The parser module is designed to be extended both with perl and compiled languages, and much of the parser is written in perl. (This is the plan, at least) Generally there will be one parser, though there's no reason that there can't be multiple independent parsers.
- Bytecode compiler
-
The bytecode compiler module takes a syntax tree from the parser and emits an unoptimized stream of bytecode. This code is suitable for passing straight to the interpreter, though it is probably not going to be very fast.
- Optimizer
-
The optimizer module takes the bytecode stream from the compiler and optionally the syntax tree the bytecode was generated from, and optimizes the bytecode.
- Interpreter
-
The interpreter module takes the bytecode stream from either the optimizer or the bytecode compiler and executes it. There must always be at least one interpreter module available for any program that can handle all of perl, since it's required for use statements and BEGIN blocks.
While there must be at least one interpreter, there may be multiple interpreter modules linked into an executable. This would be the case, for example, for programs that produced Java bytecode, where one of the interpreter modules would take the bytecode stream and spit out java bytecode instead of interpreting it.
Independent subsystems
Perl also has a number of subsystems that are independent of any single module.
- PerlIO subsystem
-
The PerlIO subsystem provides source- and platform-independent asynchronous I/O to perl. With this, perl 6 is independent of C's stdio system. (And good riddance--it sucks) How this maps to an OS' underlying I/O code is not generally perl's concern, and a platform isn't obligated to provide asynchronous I/O.
Additionally, the PerlIO subsystem allows a program to push filters onto an input stream if necessary, to manipulate the data before it is presented to a perl program.
- Regex engine
-
The regular expression engine's somewhat decoupled from the guts of perl. Its job is to turn regexes into objects, and apply those regex objects to strings.
API levels
- Embedding
-
The embedding API is the set of calls exported to the embedding application. This is a small, simple set of calls, requiring minimum effort to use.
The goal is to provide an interface that a competent programmer who is uninterested in perl can use to provide access to a perl interpreter within another application with very little programming or intellectual effort. Generally it should take less than thirty minutes for a simple interface, though more complete integration will take longer.
Backwards binary compatibility at this level is guaranteed across the life of perl 6.
- Extensions
-
The extension API is the set of calls exported to perl extensions. They provide access to most of the things an exension needs to do, while hiding the implementation details. (So that, for example, we can change the way scalars are stored without having to rewrite, or even recompile, an extension)
Binary compatibility is a serious goal, though it may be broken if absolutely necessary.
- Guts
-
The guts-level APIs are the routines used within a component. These aren't guaranteed to be stable, and shouldn't be used outside a component. (For example, an extension to the interpreter shouldn't call any of the parser's internal routines)

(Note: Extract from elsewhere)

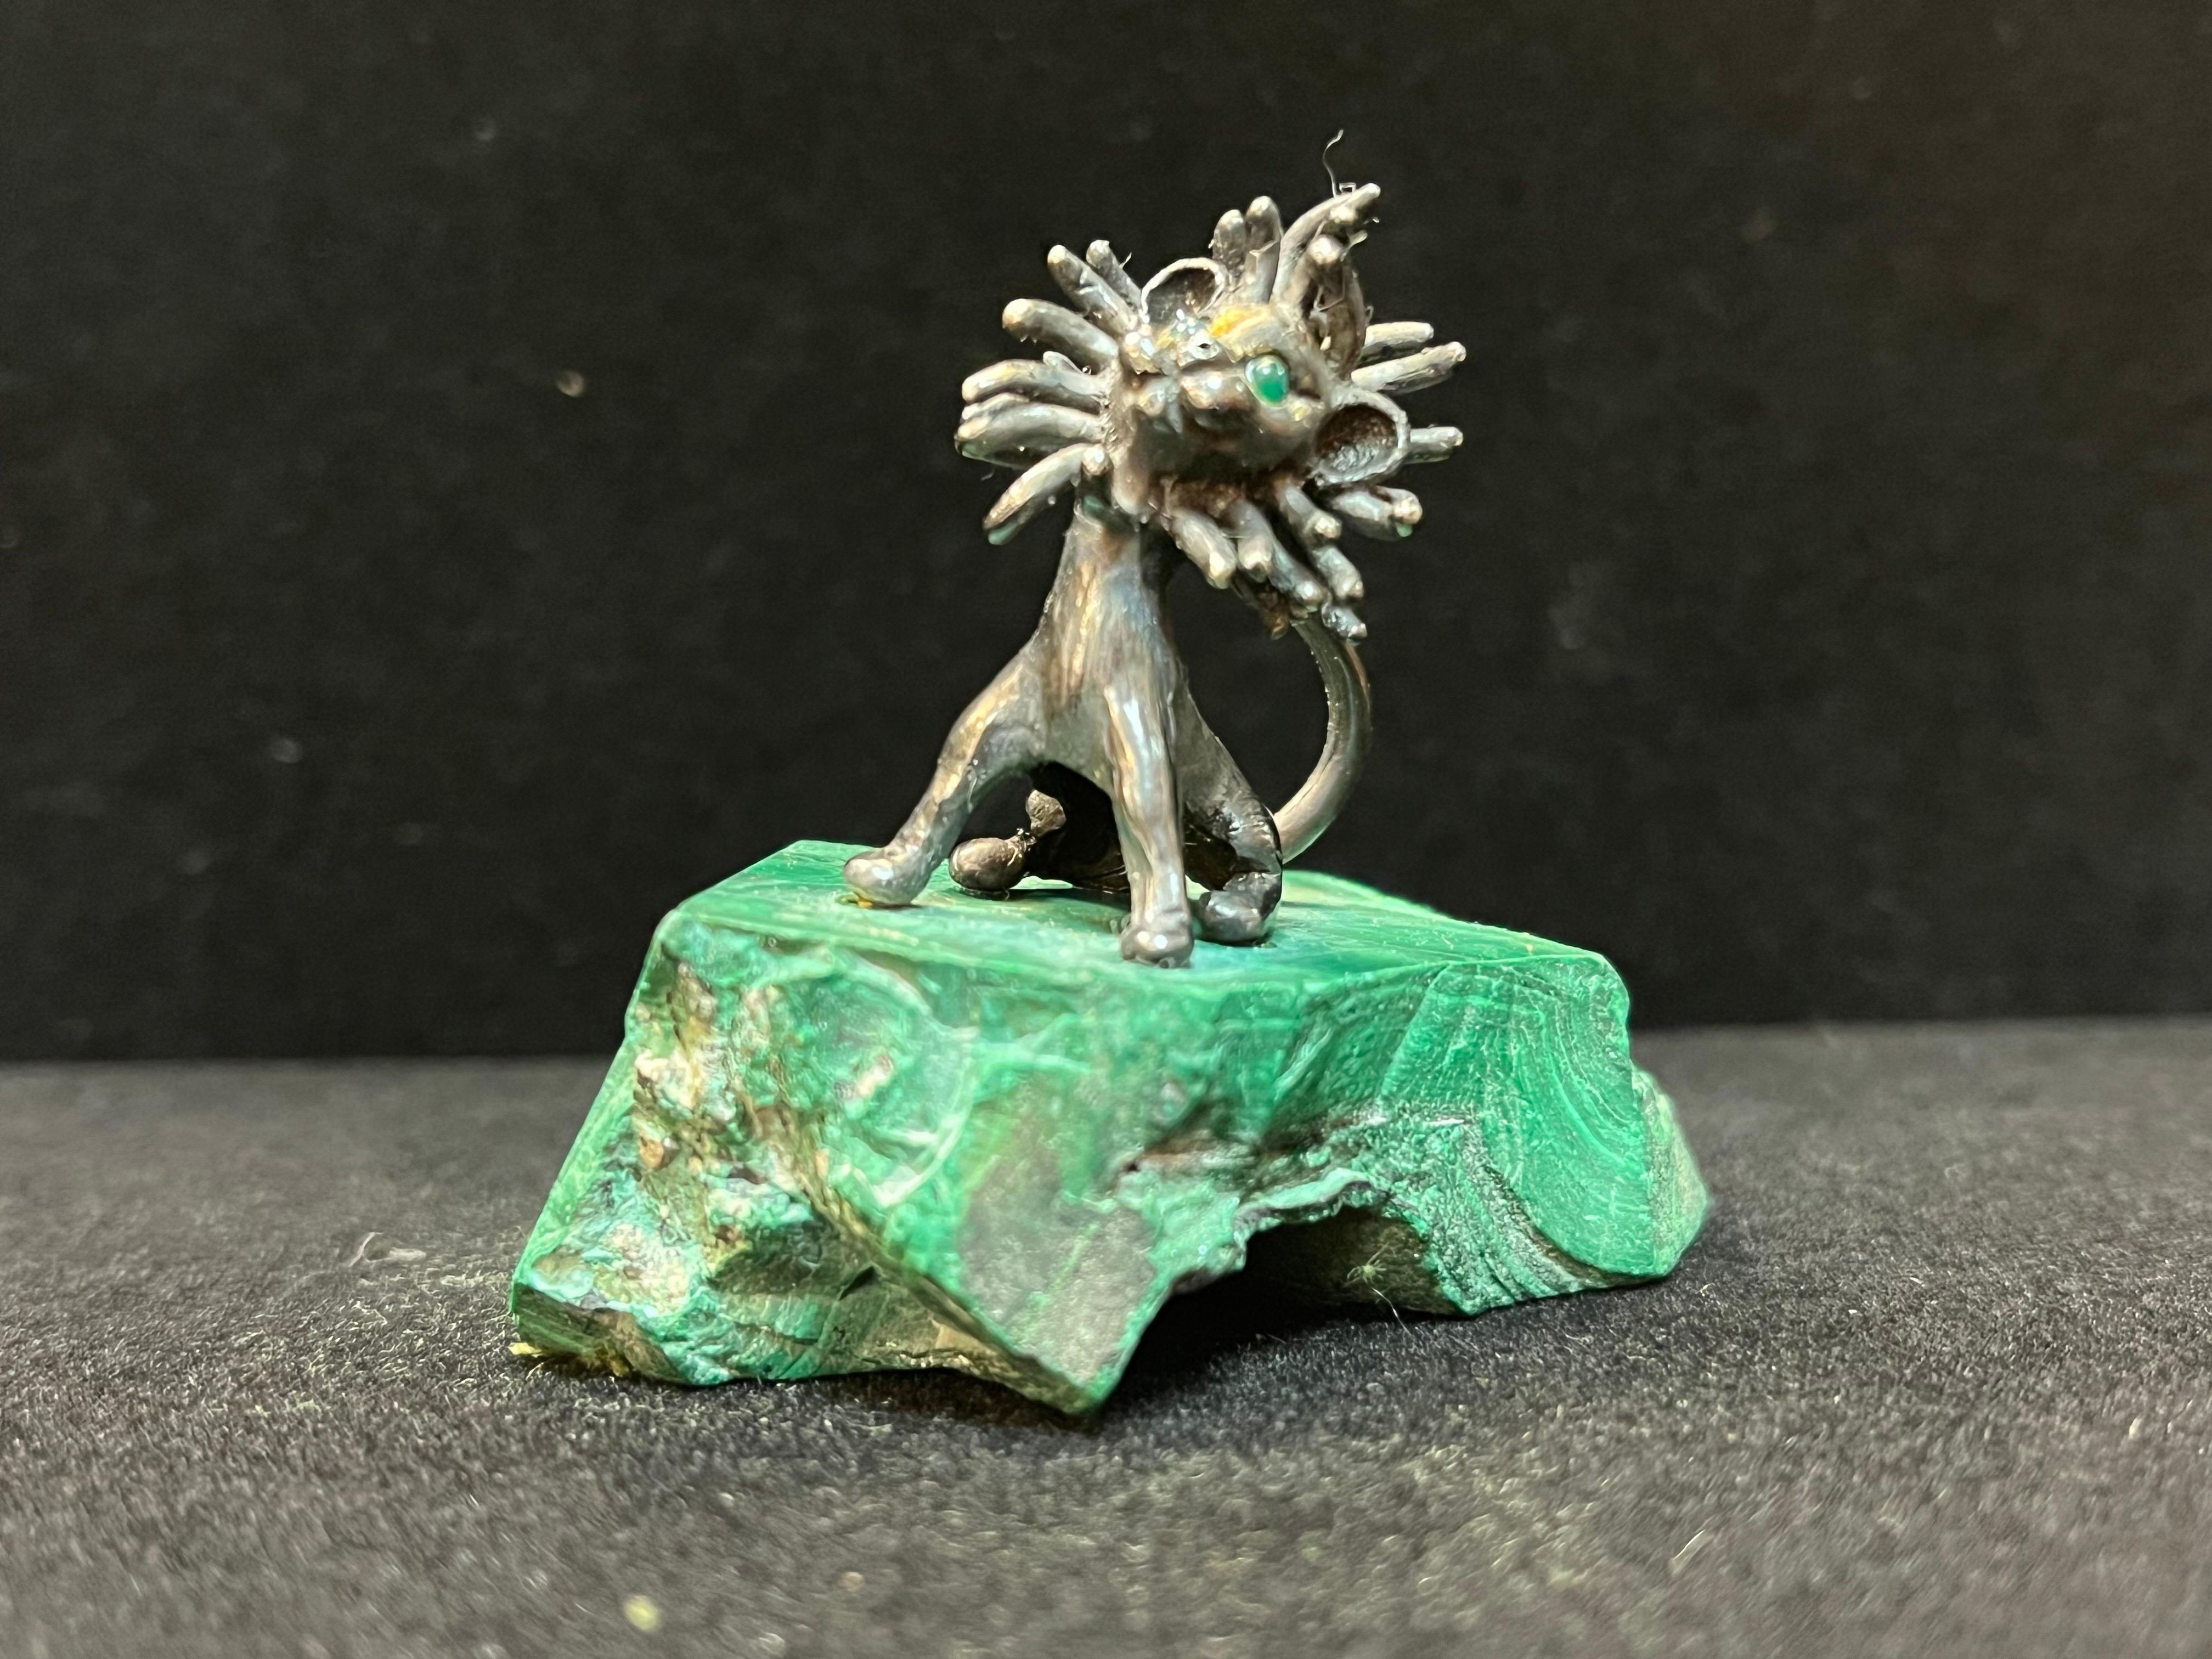 A sterling silver sculpted lion by late American artist James Schwabe (1918 - 2008) mounted onto malachite. The eyes of the lion are gemstone (possibly cabochon emerald) and there appear to be highlights in a golden metal. The sculpture is signed on

No binary compatibility is guaranteed, and routines here may be changed without notice.
VARIATIONS ON A THEME
One of the explicit goals of perl 6 is to generate Java bytecode and .NET code, as well as to run on small devices such as the Palm. The modular nature of perl 6 makes this reasonably straightforward.
- Perl for small platforms
-
For small platforms, the parser, compiler, and optimizer modules are replaced with a small bytecode loader module which reads in perl bytecode and passes it to the interpreter for execution. No string eval, do, use, or require is available, though loading of precompiled modules via do, use, or require may be supported.
- Bytecode compilation
-
One straightforward use of modular perl is to precompile perl source into bytecode and save it for later use. This is easily done by having a second interpreter module. The standard perl interpreter is used during compilation to evaluate BEGIN blocks and such-like things, but a simple freeze-to-disk module is used when mainline execution begins. Then, rather than executing the bytecode, it gets frozen to disk for later loading.

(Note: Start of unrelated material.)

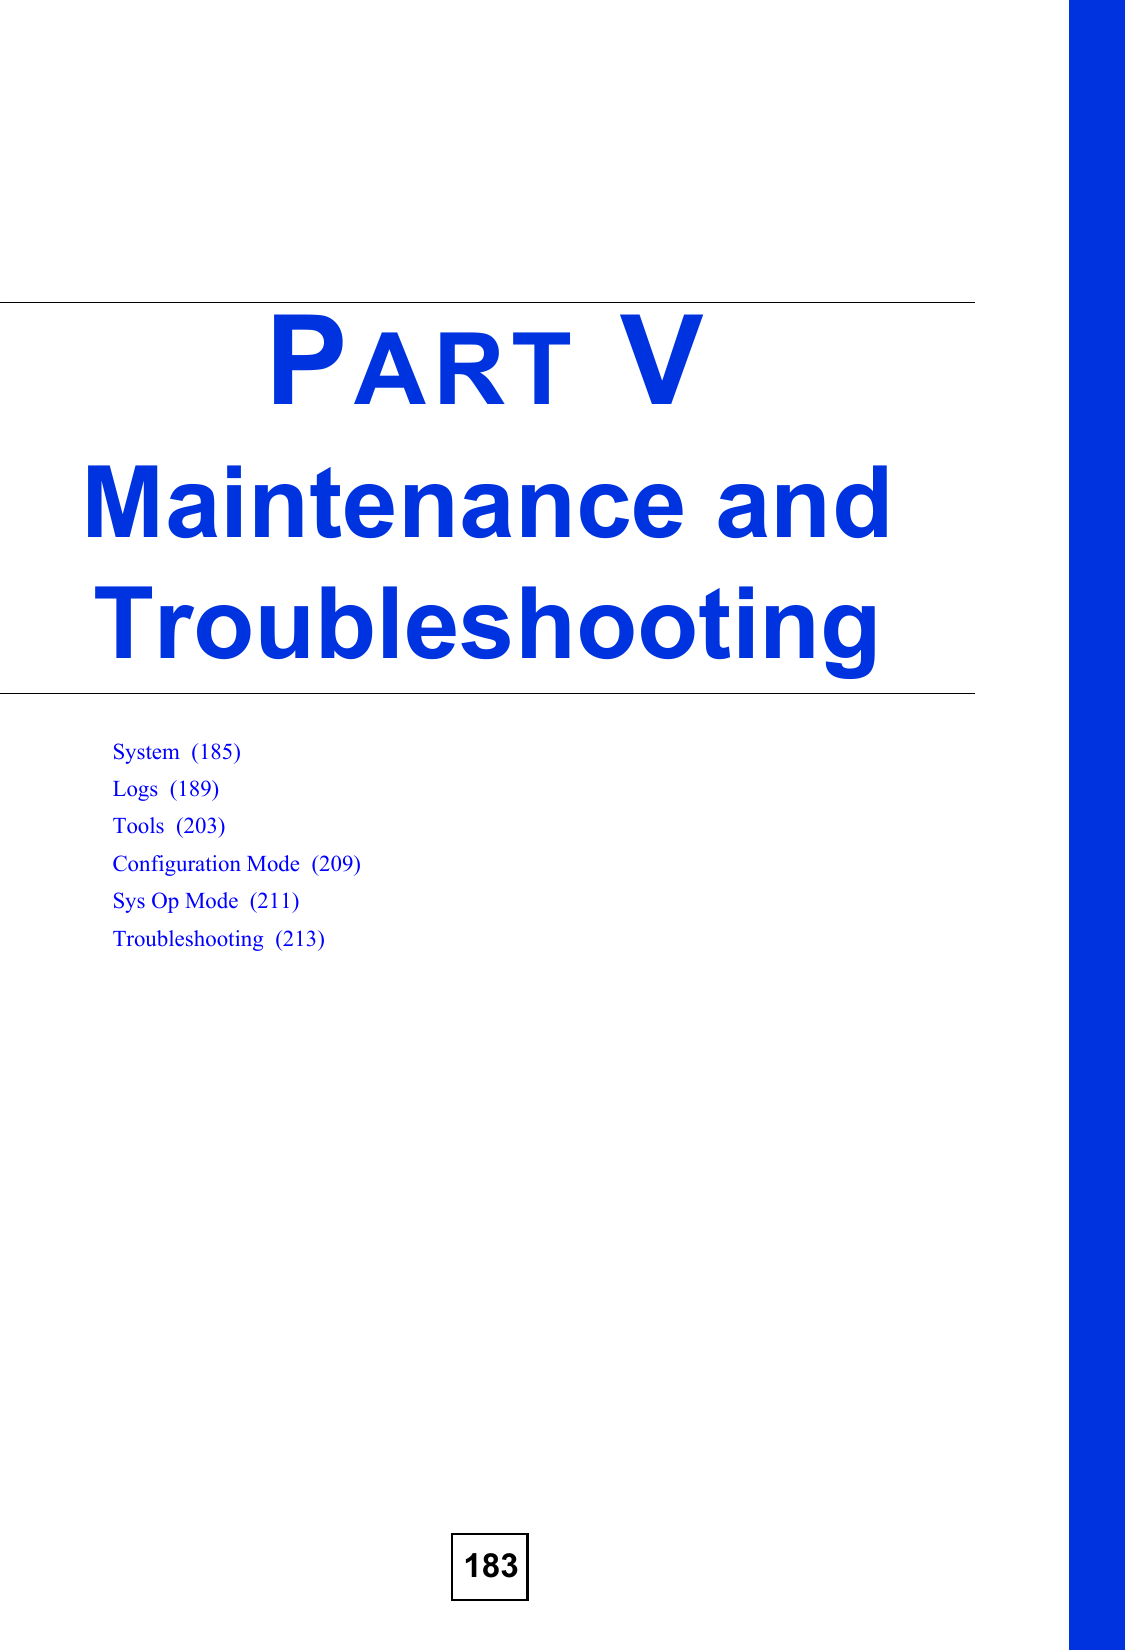 183PART VMaintenance and TroubleshootingSystem  (185)Logs  (189)Tools  (203)Configuration Mode  (209)Sys Op Mode  (211)Troubleshooting  (213)

- Perl in, Java (or whatever) out
-
This is a variant of the bytecode compilation. Instead of freezing the bytecode to disk, it's instead translated to something else. That something could be Java bytecode or .NET code, or an executable of some sort. Perl could also be a front end to other modular compilers such as gcc or Compaq's GEM compiler system.
- Standalone pieces
-
Each piece of perl can, with enough support hidden away (in the form of an interpreter for the parsing module, for example), stand on its own. This means it's feasible to have separate executables that parse perl to a syntax tree, turn a syntax tree into bytecode, optimize the bytecode, and execute the bytecode.
This allows us to develop pieces independently--the first version of the parser, for example, can be written mainly in perl 5 using an embedded interpreter. It also means we can have a standalone optimizer which can spend a lot of time groveling over bytecode, far more than you might want to devote to optimizing one-liners or code that'll run only once or twice.
- The perl assembler
-
The parser and bytecode compiler can be replaced with a unit that will eat a textual representation of the bytecode--essentially a perl assembler. This can be useful in a number of ways, allowing programs to emit perl bytecode without having to know the gory details of the binary interface, or in fact having perl immediately available at all. (It also means we can cobble up real perl programs without having a full parser built yet, though that's more an issue of initial implementation than anything else)